Modernité incroyable. Ce n’est qu’en 2012, faisant du rangement, que John Carter Cash, fils de, tombe dessus. Ces bandes et leur sortie inattendue ne sont pas une anecdote. Plutôt un chaînon manquant et fascinant entre sa période country western et la série merveilleuse des albums acoustiques s’enfonçant dans les ténèbres de sa fin de vie. Car la force des arrangements jugés à l’époque trop à la mode par Johnny Cash donne aujourd’hui à ce disque une modernité extraordinaire, et laisse pantois. Il est vocalement au sommet, moelleux et grave, profond et limpide, planant en aigle royal et insolent sur un répertoire aussi varié qu’alléchant.
Avec son futur compère des Highwaymen, Waylon Jennings, il balance un fabuleux I’m Movin’ On lâché façon train dans la plaine.
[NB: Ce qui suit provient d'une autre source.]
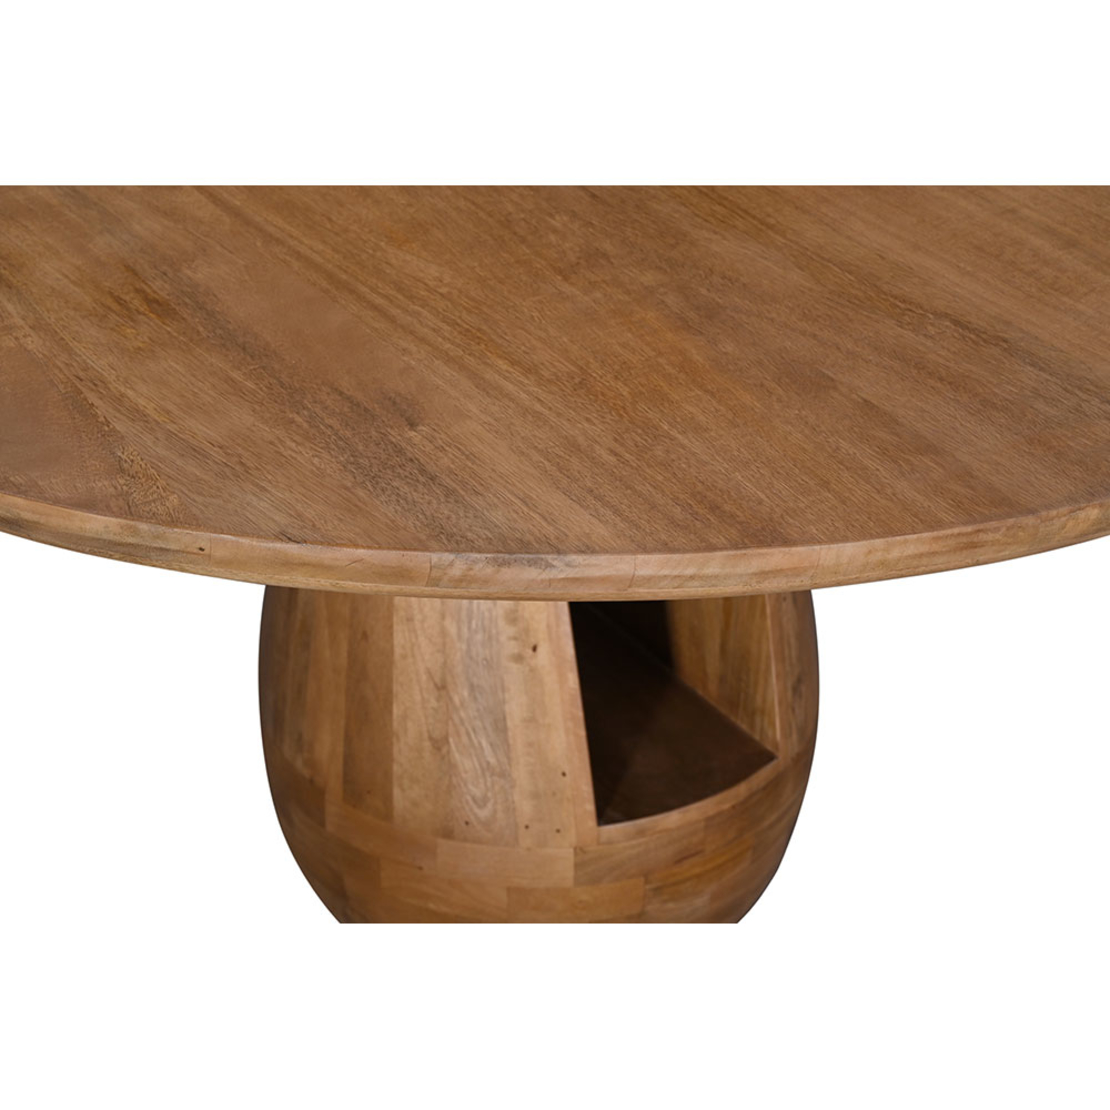 GATE TABLE SOLID WOOD MANGO NATURAL IN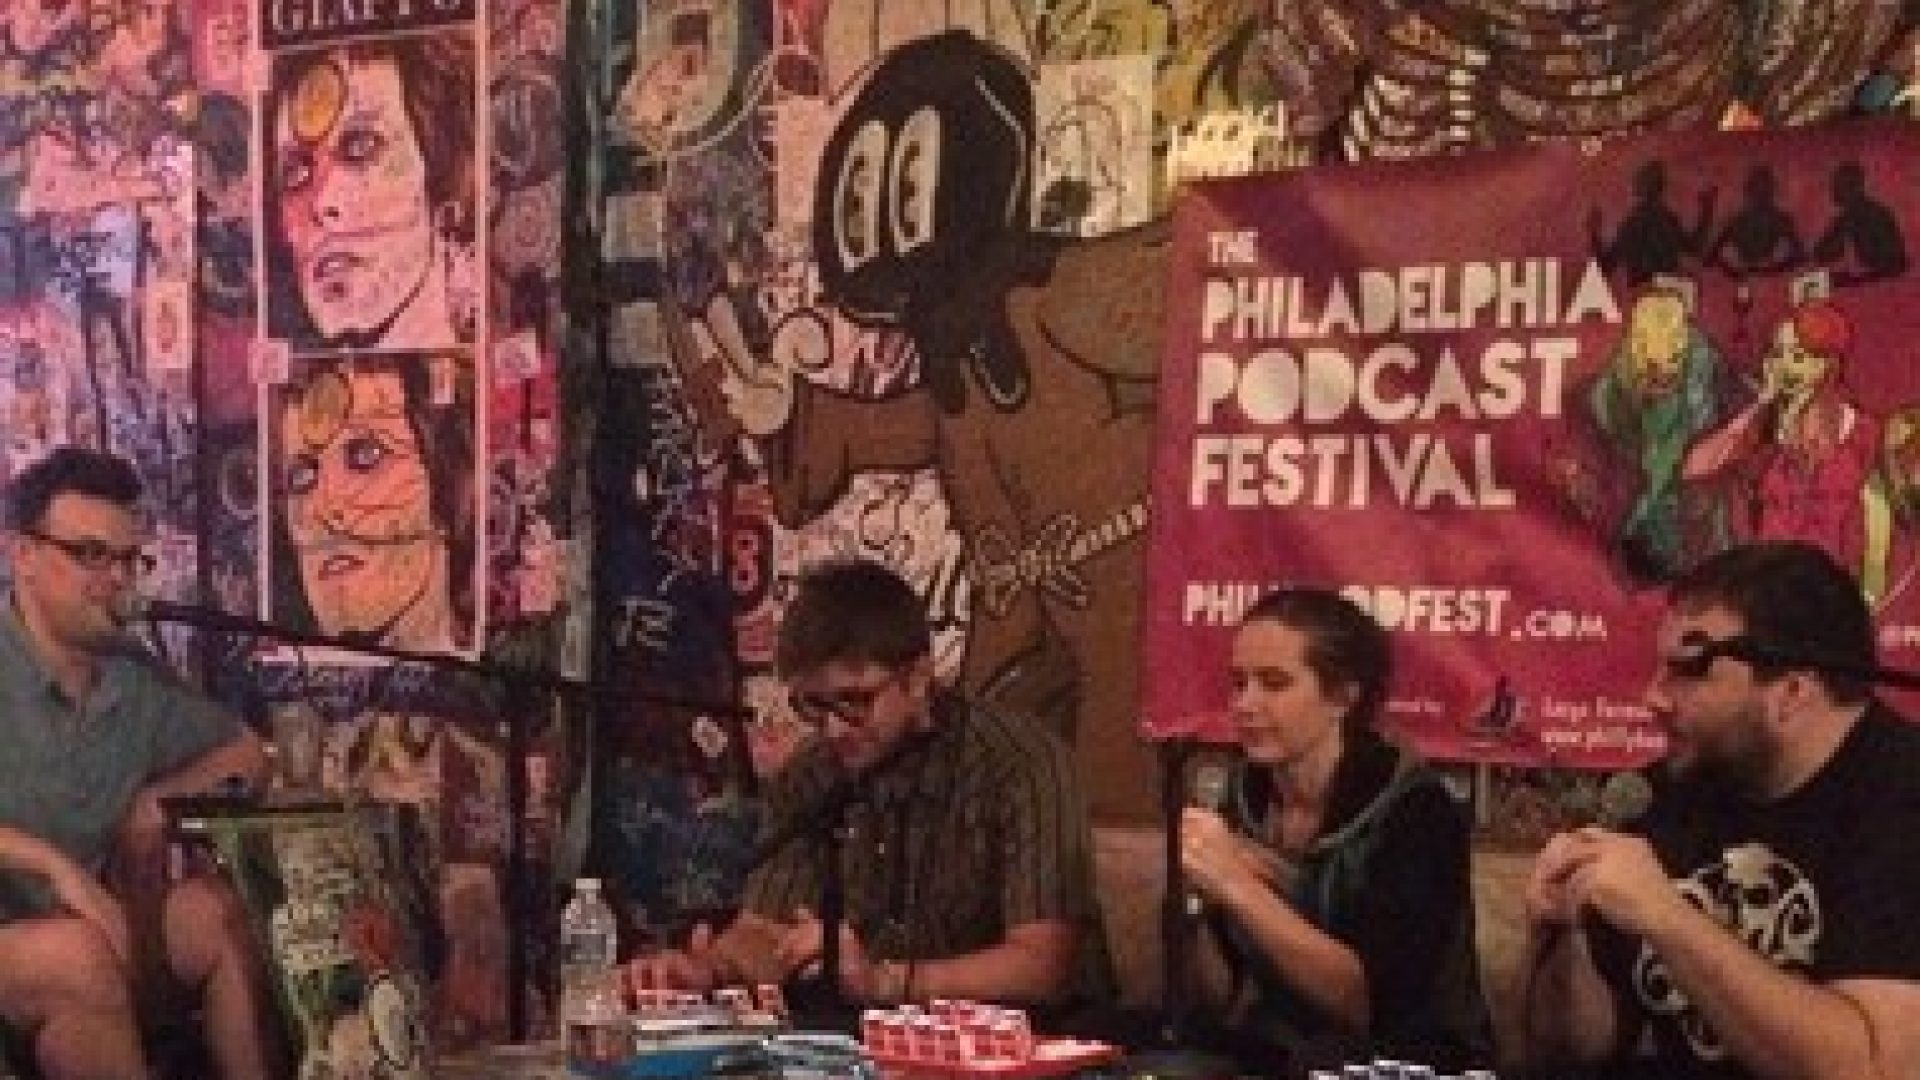 full belly laughs podcast episode 34 shake shack bolo ties philly podcast festival live audio artwork

Avec June, deux caresses bouleversées de tendresse. Cash signe lui-même aussi une paire de chansons, dont le gospelisant I Came to Believe qui clôt l’affaire. Enfin, She Used to Love Me a Lot, qui fait office de single, n’aurait pas fait tache lors des sessions American: c’est une merveille absolue, un miracle de pop country: «I thought she loved me with a love that wouldn’t die.» Un amour qui ne mourra jamais: voilà l’histoire de la longue marche de Johnny Cash et de tous ceux qui l’écoutent.
«Out Among the Stars». 1 CD Sony. Sortie le 21 mars.